Local Metric with Parameterized Evolution

TL;DR

This paper introduces a Hamiltonian formulation of General Relativity with an external evolution parameter, enabling a covariant, dynamic approach to spacetime that simplifies initial value problems and models mass-energy flow.

Contribution

It presents a novel covariant Hamiltonian framework for GR with an external evolution parameter, extending Einstein equations to include dynamic mass-energy flow.

Findings

Extended Einstein equations imply a mass-energy flow proportional to dM/dτ.

In τ-equilibrium, the system reduces to a generalized Schwarzschild solution.
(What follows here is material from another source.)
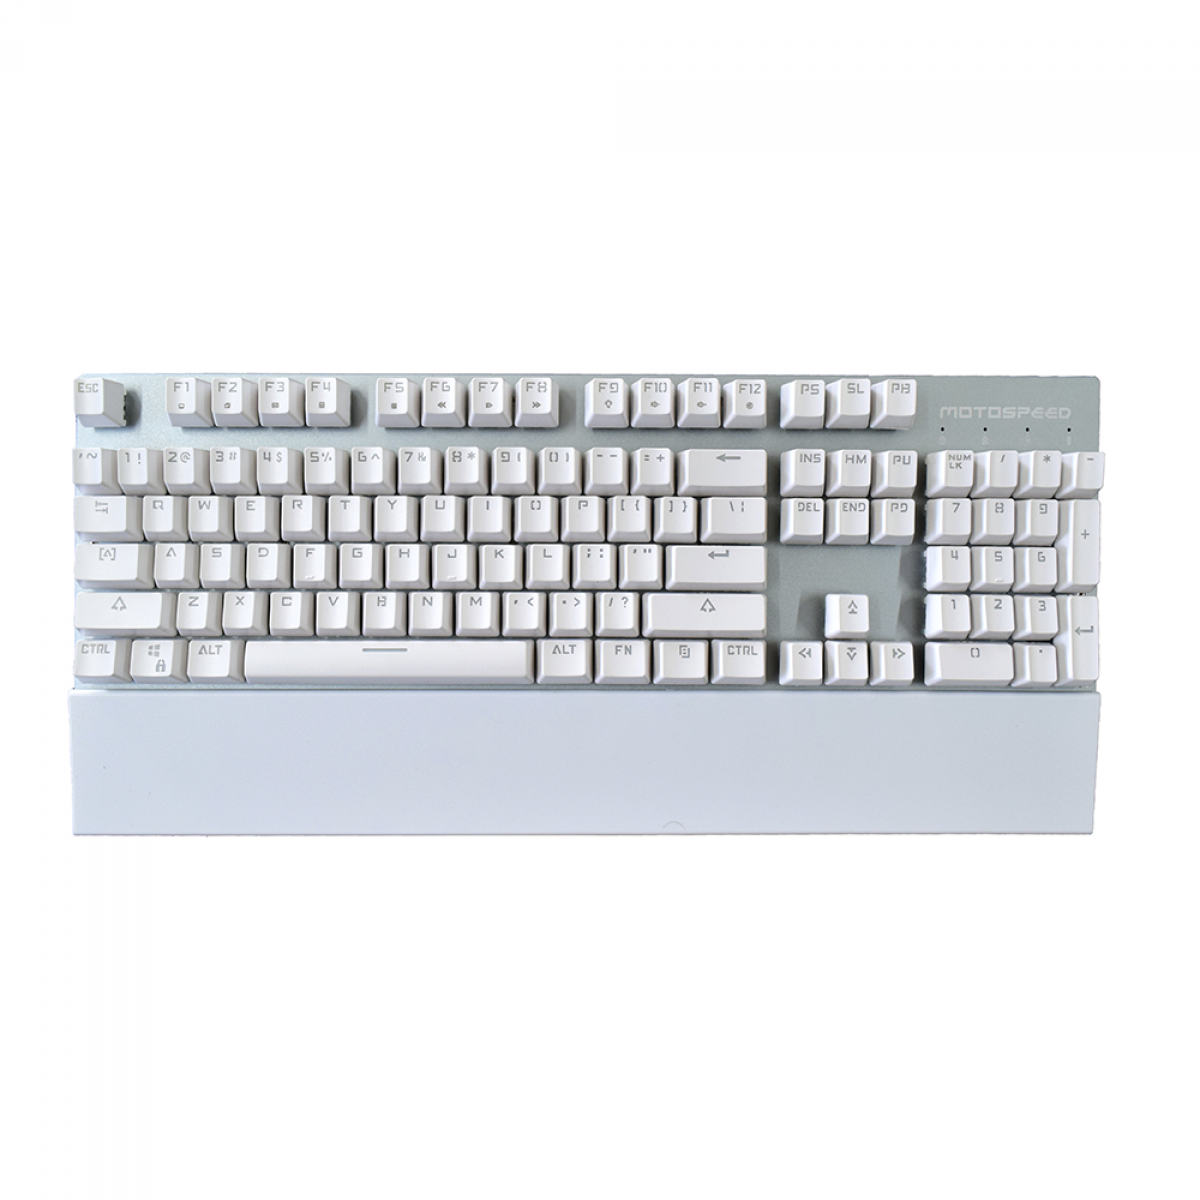 Teclado Mecanico MotoSpeed GK89 White, Wireless, Switch Blue, LED Blue, FMSTC0078BRO

The approach simplifies modeling highly dynamical interactions like black hole collisions.

Abstract

We present a canonical Hamiltonian formulation of GR in which $\tau$, the parameter of system evolution, is external to spacetime, playing a role similar to what we call time in nonrelativistic mechanics. This approach, known as Stueckelberg-Horwitz-Piron (SHP) theory, inherits the full computational power of classical analytical mechanics while maintaining manifest covariance throughout and eliminating possible conflict with general diffeomorphism invariance. In particular, SHP simplifies the initial value problem with potential applications in highly dynamical interactions, such as black hole collisions. By allowing the energy-momentum tensor and metric to depend explicitly on $\tau$, we may describe particle motion in geodesic form with respect to a dynamically evolving background metric. As a toy model, we consider a $\tau$-dependent mass $M(\tau)$, first as a perturbation in the Newtonian approximation and then for a Schwarzschild-like metric. As expected, the extended Einstein equations imply a non-zero energy-momentum tensor, proportional to $dM / d\tau$, representing a flow of mass and energy into spacetime that corresponds to the changing source mass. In $\tau$-equilibrium, this system becomes a generalized Schwarzschild solution for which the extended Ricci tensor and energy-momentum tensor vanish.